Gaza's poverty, sky-high unemployment, isolation and population density have made social distancing and other preventive measures nearly impossible, said Procter, who, along with a group of international researchers, co-wrote a report about Gaza's Covid-19 response, published last week by the U.K.'s University of Bath.

Much of that can be laid at the feet of the nearly 14-year Israeli and Egyptian blockade of the coastal enclave that blocks imports of items that have not been approved by the Israeli government, Procter said. That has contributed to longstanding shortages of fuel and building materials, she said — imports on which Siam's construction work relies.

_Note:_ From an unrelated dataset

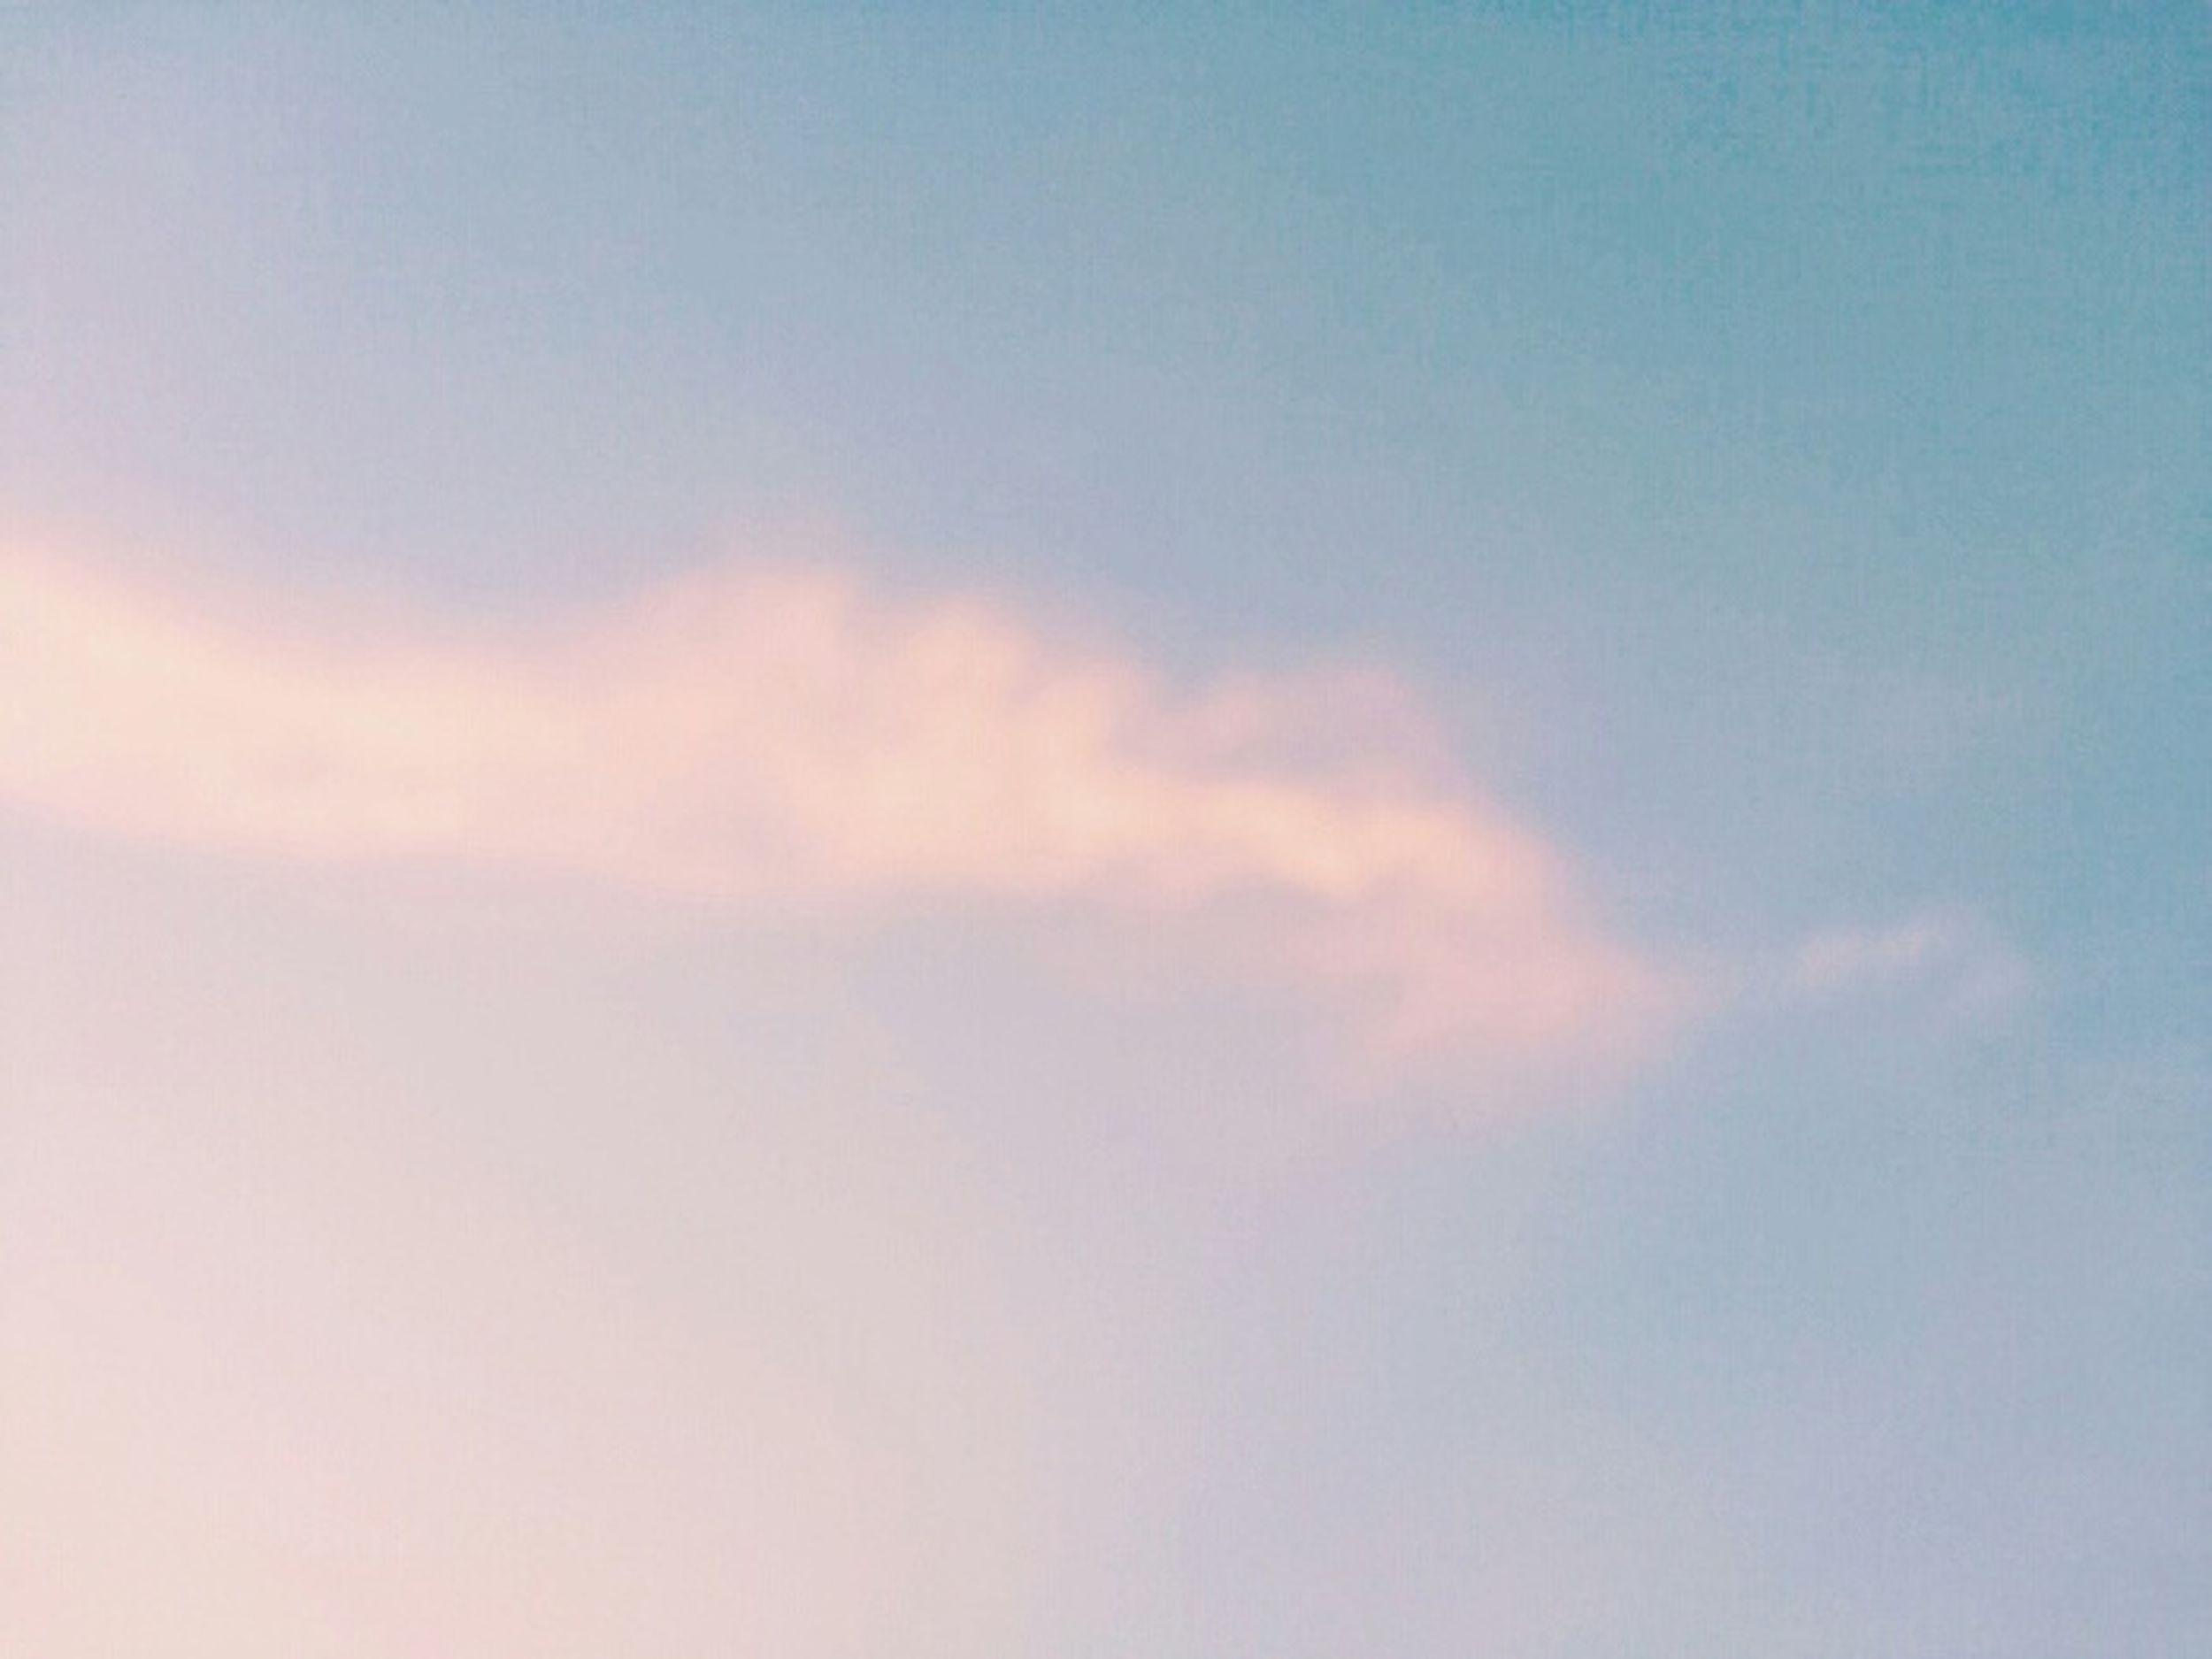 Blue Sky มองท้องฟ้า ไม่เป็นเช่นเคย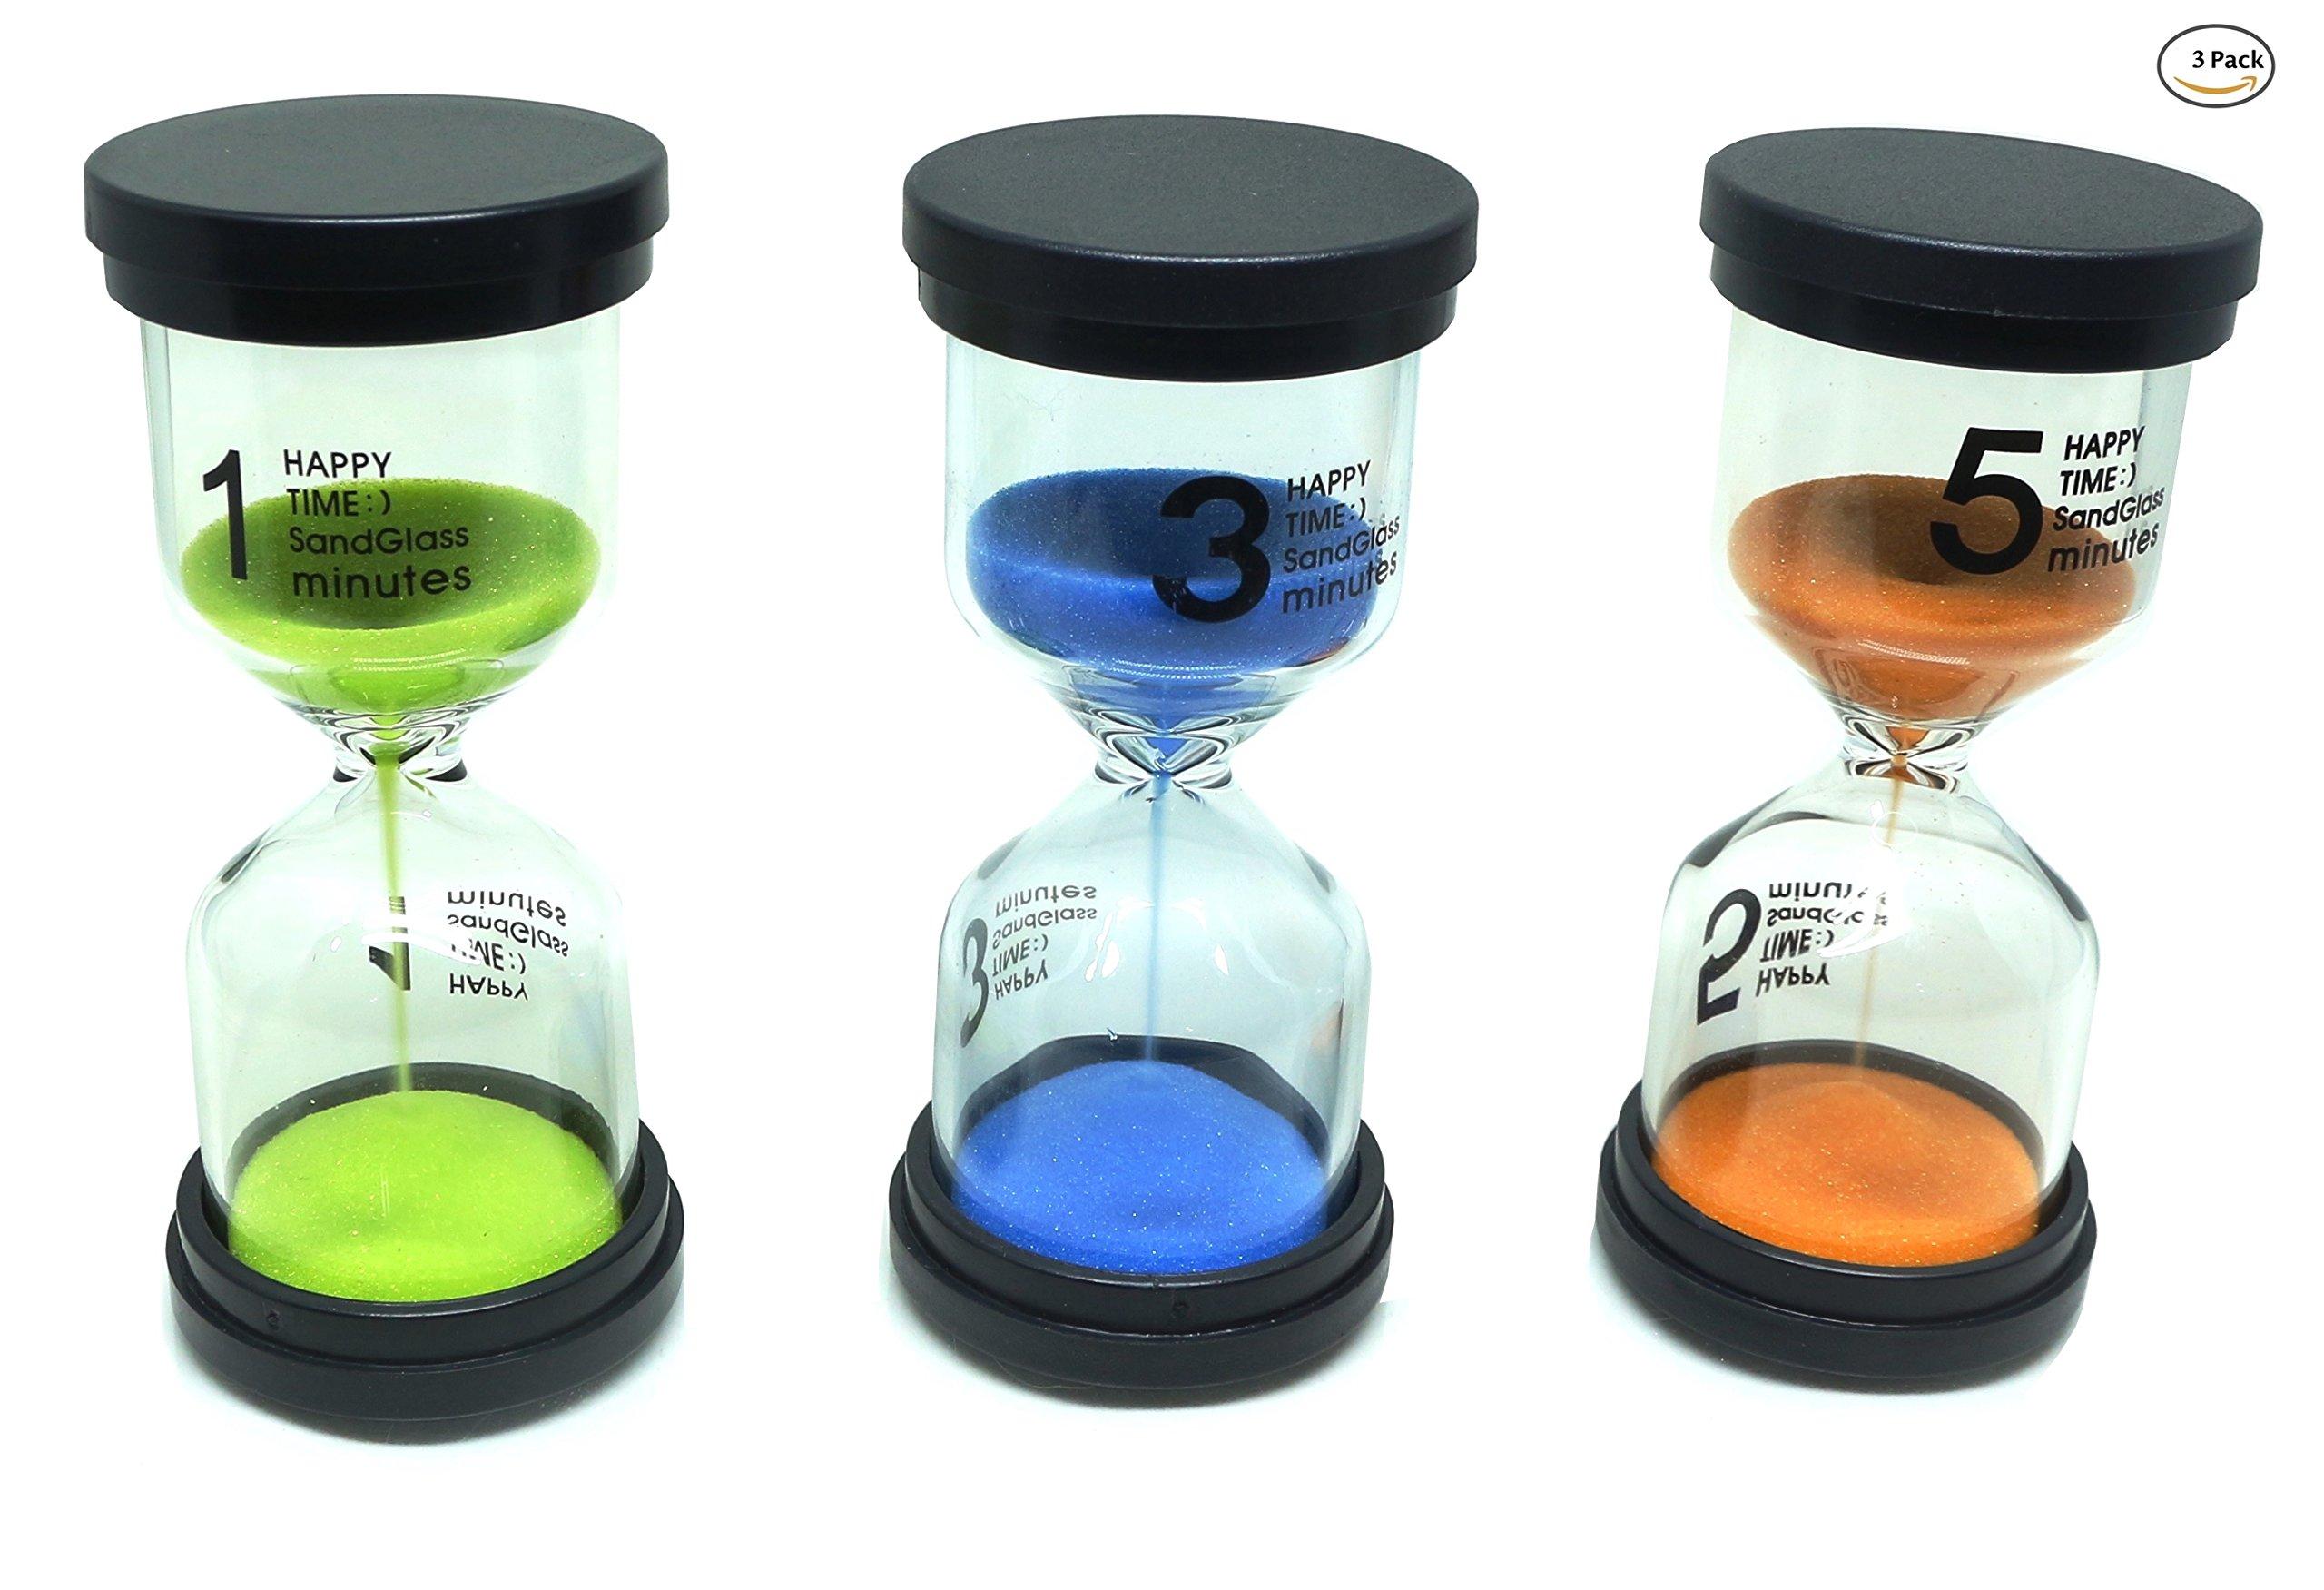 Punnarit Hourglass Sand Timer 3 Colors Sandglass Sand Clock Timer 1min / 3mins / 5mins for Kids, Classroom, Kitchen, Games, Brushing Timer, Home Office Decoration (Set 3 Pack)

Image: Vaccination in Bethlehem
A Palestinian health care worker gets vaccinated against Covid-19 in the West Bank city of Bethlehem last week. Hazem Bader / AFP via Getty Images

The report said the blockade was "the dominant factor in the worsening humanitarian situation," adding that it had led to "the ill-preparedness of the local health care system, economy and communities to cope."

The blockade has also drastically limited exports from Gaza, amplifying economic misery. About half of the enclave's workers are unemployed, Procter said. Most of those who do work, like Siam, rely on day-labor work that is impossible to do from a "social distance" and that is low-paid and unreliable.

"Sometimes I'm able to pay rent, and sometimes I don't give the landlord anything," Siam said. "I'm pressured to go to work so I can pay the landlord, feed my kids and so we can all survive."

Gazans like Siam are a headache for health care workers like Wishah. Although she encourages people to abide by lockdown orders, she also understands that the economy and the lack of a solid social safety net mean Gazans must gamble their lives for their livelihoods.

"I don't know what to do for such people," Wishah said. "They are putting themselves in risk just to provide their families what they need."